In the decade following Charlottetown’s defeat, federal-provincial relations muddled along without formal agreements. This laxity contributed to the near-death experience in the 1995 Quebec referendum on sovereignty, a razor-thin victory for the “No” forces. But the confluence of other factors appears now to have resulted in Paul Martin granting to all provinces that which Quebec wants. By charting a course that Canadians had previously rejected, he now runs the risk of setting Canada on a path toward dissolution.

Whether the Fathers of Confederation would have preferred a more centralized state is open to debate. But there is little question that the “French fact” and the need to accommodate Quebec forced Canada to divide “sovereign powers” between two orders of government. It appears that first Prime Minister John A. Macdonald favoured real power in the centre as the provinces were granted authority over “matters of merely local and private nature,” while Ottawa assumed the broader “peace, order and good government” mandate and grabbed a “residual power” encompassing everything not spelled out specifically in the British North America (bna) Act.

Our constitutional framers never envisaged that issues of “local and private nature” (health care, education, welfare, etc.) would come to matter more to Canadians—and indeed shape our national identity—than the more nebulous or distant prerogatives of the federal government. Furthermore, although the division of powers was laid out in the bna Act, that document was silent on many matters central to Canada’s development: political parties, the roles of the prime minister and cabinet, and the evolution of federal-provincial relations. According to the constitutional scholar Alan Cairns, Canada has been governed by a “living constitution,” malleable and evolving organically, modified more by convention and necessity than by legal precedent.

For decades the power and authority of the two levels of government ebbed and flowed, but by 1940 the ravages of the Depression and a newfound nationalism emerging out of Canada’s war efforts conspired to force a change. That year, the Rowell-Sirois Commission concluded there was a need for a larger federal role in Canada’s social programs to help protect against future economic calamities. Four years later, Ottawa responded by introducing family allowances and, in so doing, established a precedent of federal spending in areas of provincial jurisdiction.

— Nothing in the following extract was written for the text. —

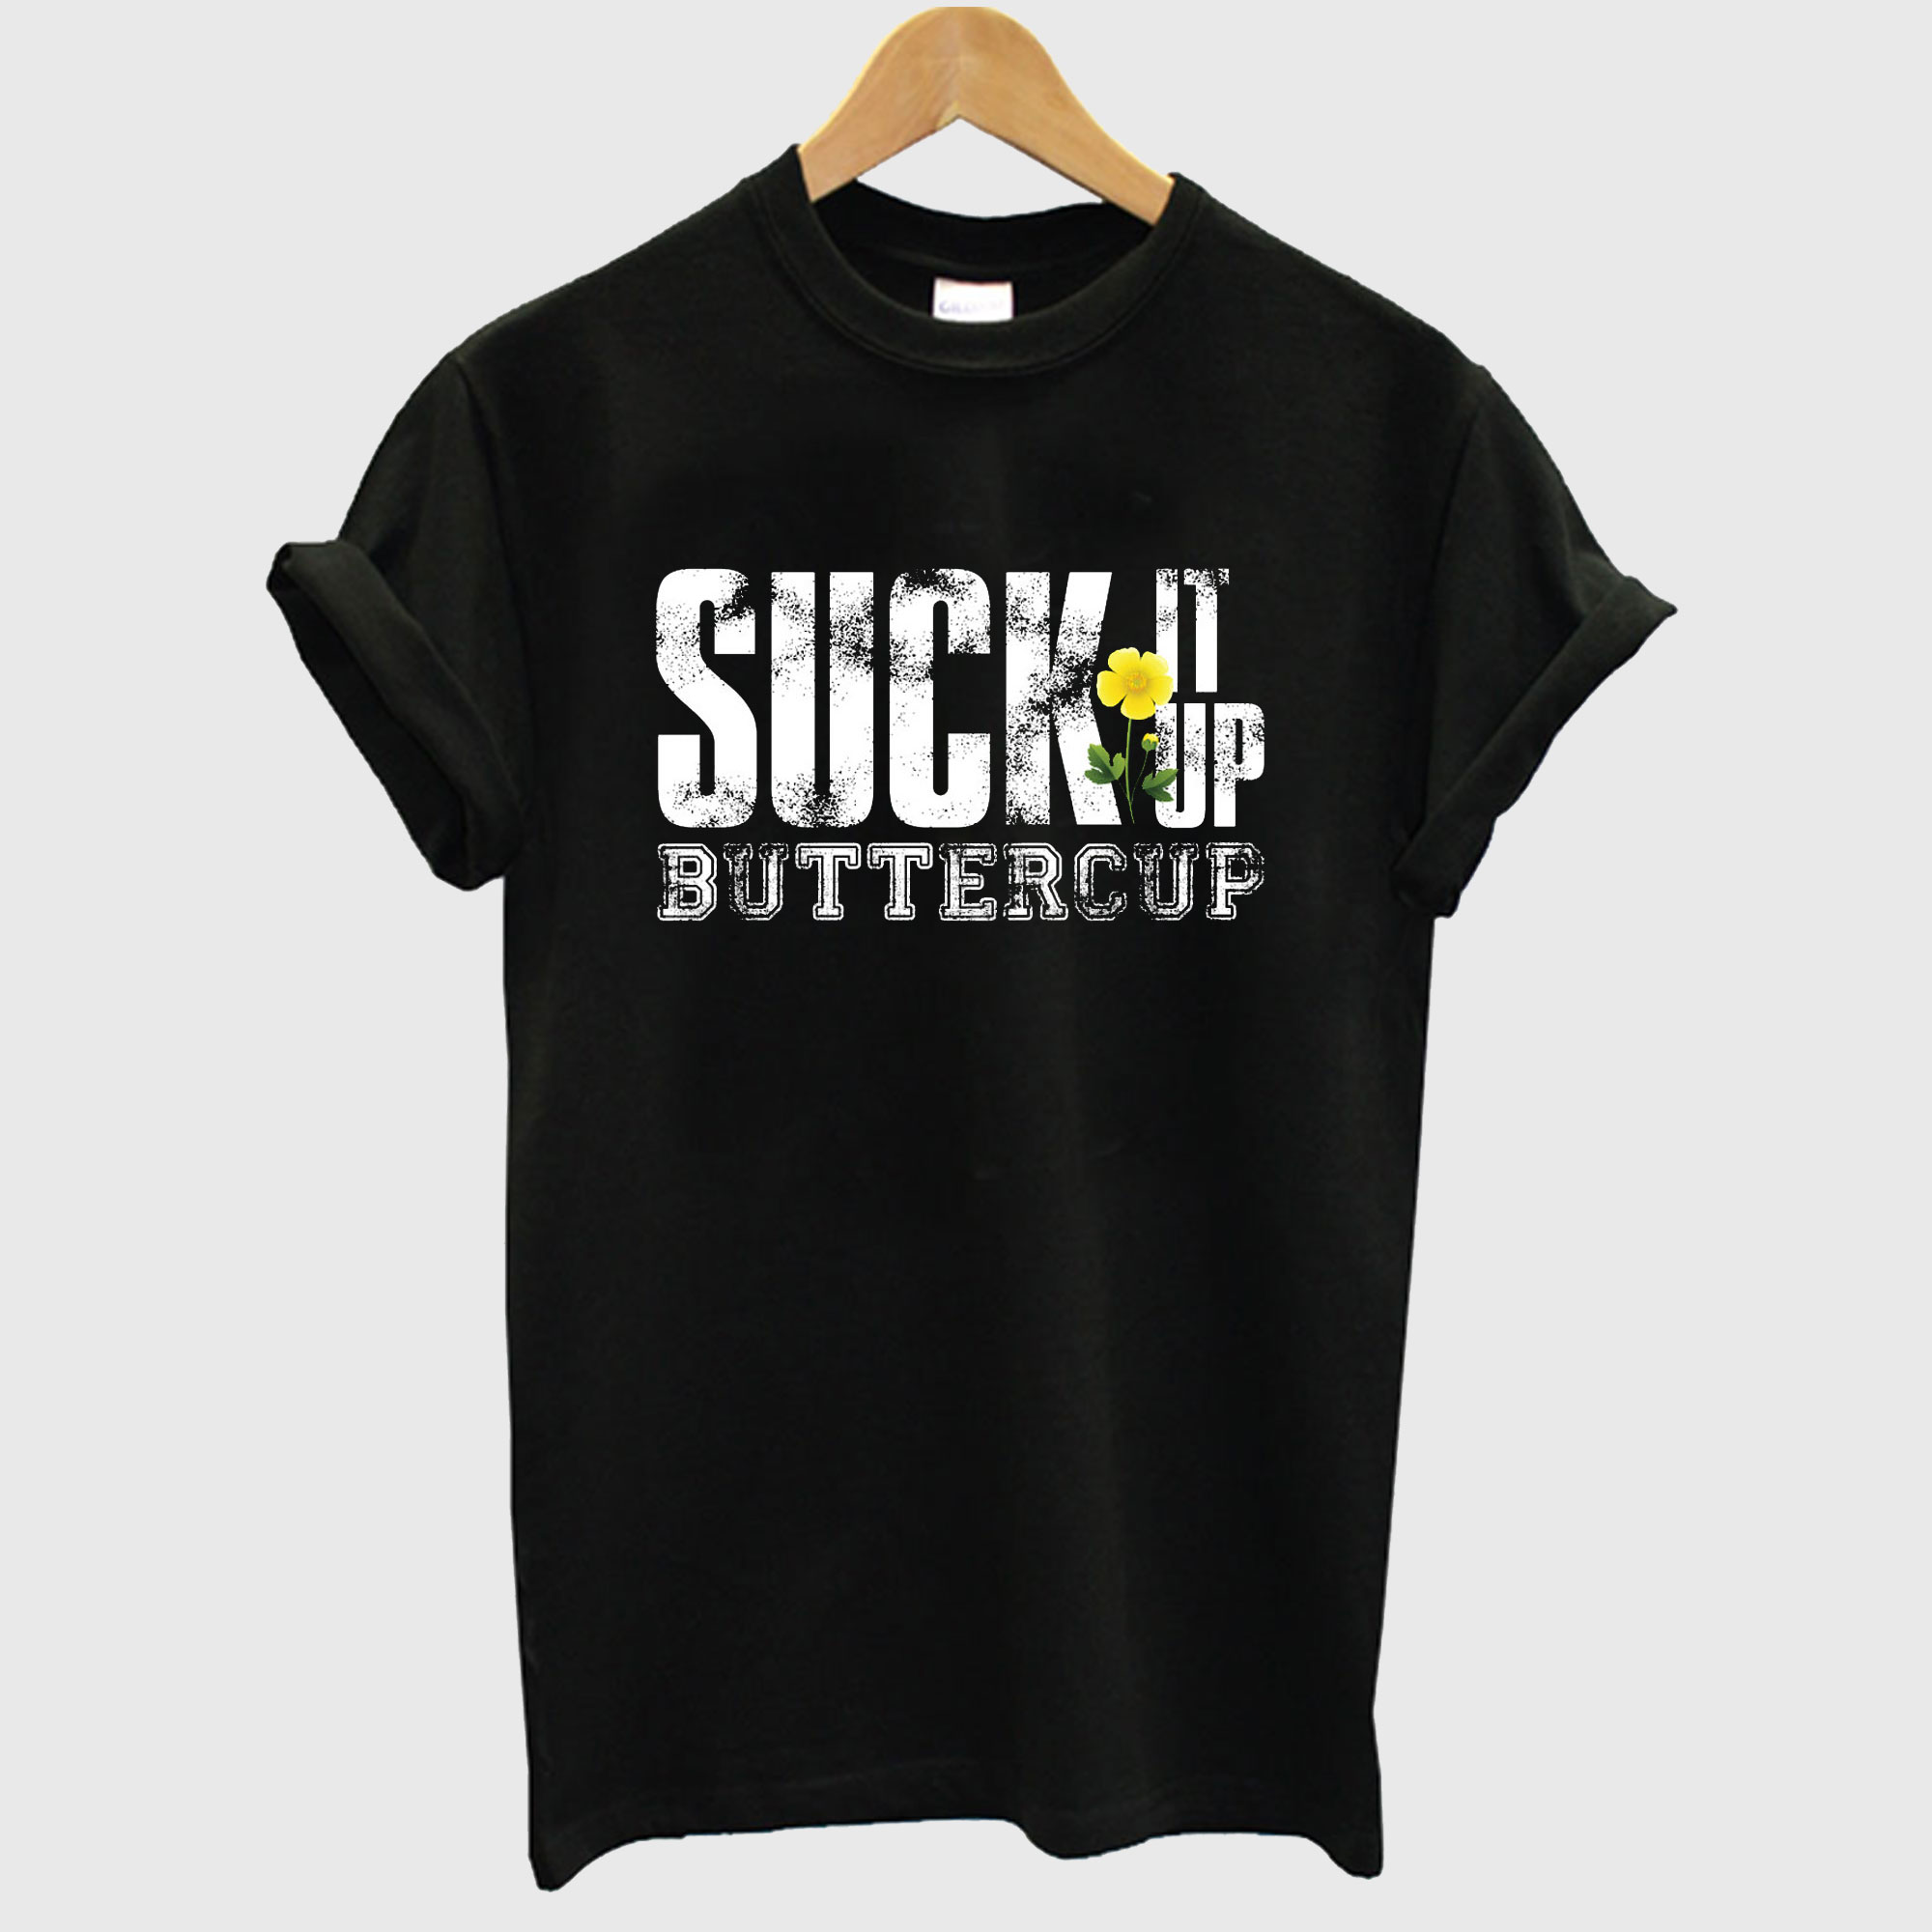 Suck It Up T-Shirt
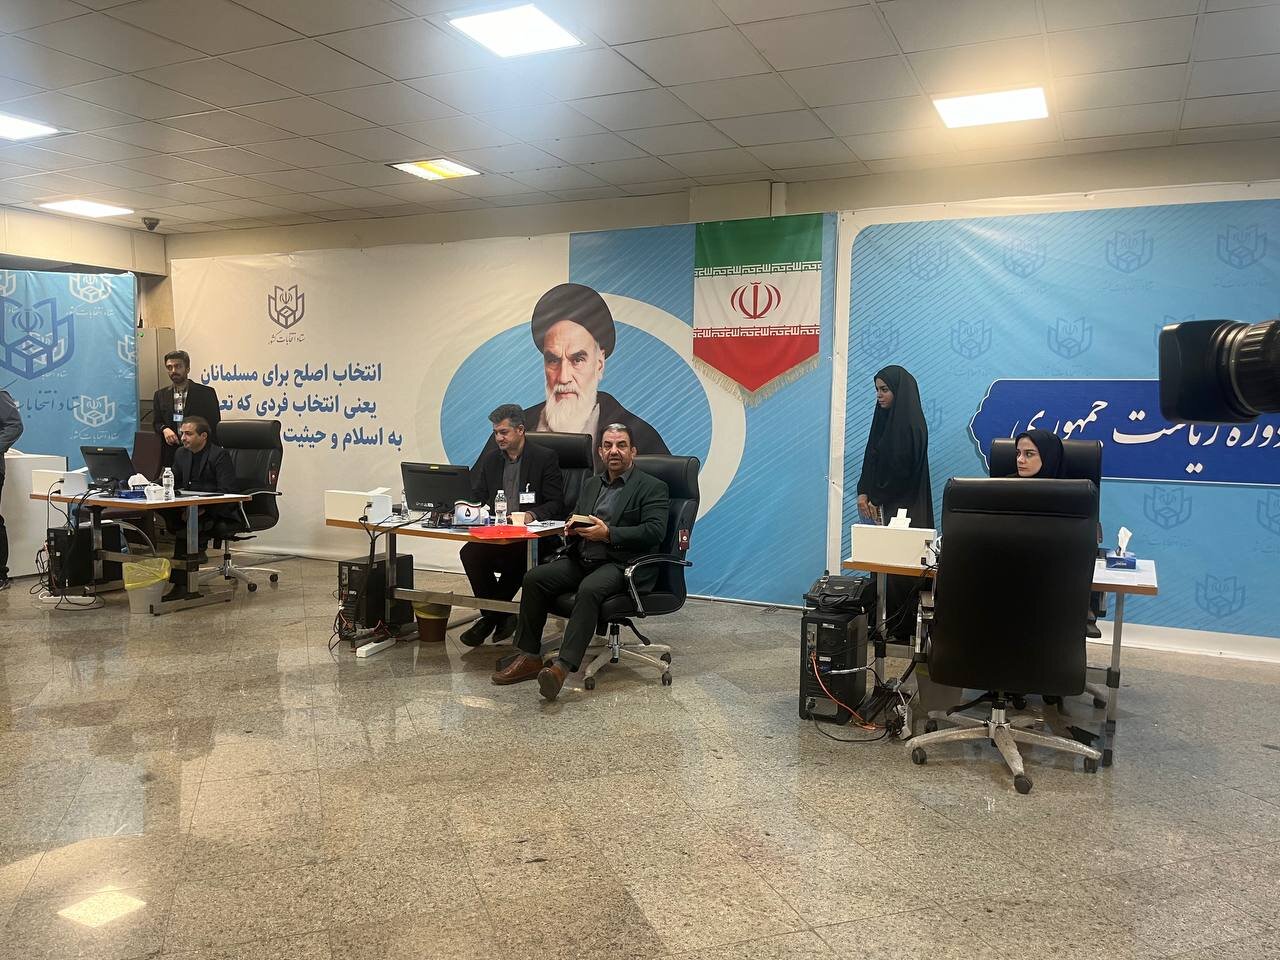 این زن با پوشش متفاوت کاندیدای ریاست جمهوری شد /وزیر احمدی نژاد هم آمد /جاسمی سودای پاستور به سرش زد +عکس

Even more seminal in shaping federal-provincial affairs was the introduction of equalization payments in 1957. Newfoundland had ended its isolation eight years before, and, with regional disparities apparent to all but the blind and/or greedy, Ottawa began transferring funds to “have not” provinces. Inherent inequities militated against full participation in the country’s growing fortunes, and to keep Canada whole and prevent parts from fracturing it was widely accepted that Canadians needed to be each other’s keepers.

This was national-character-defining legislation, and Quebec was a willing partner. While Premier Maurice Duplessis rattled his sabre at Ottawa from time to time (over such intrusions as federal grants to universities), the province was quietly trying to transform itself from a rural, sectarian society into an urban and secular one, and needed to keep the doors open to such federal initiatives.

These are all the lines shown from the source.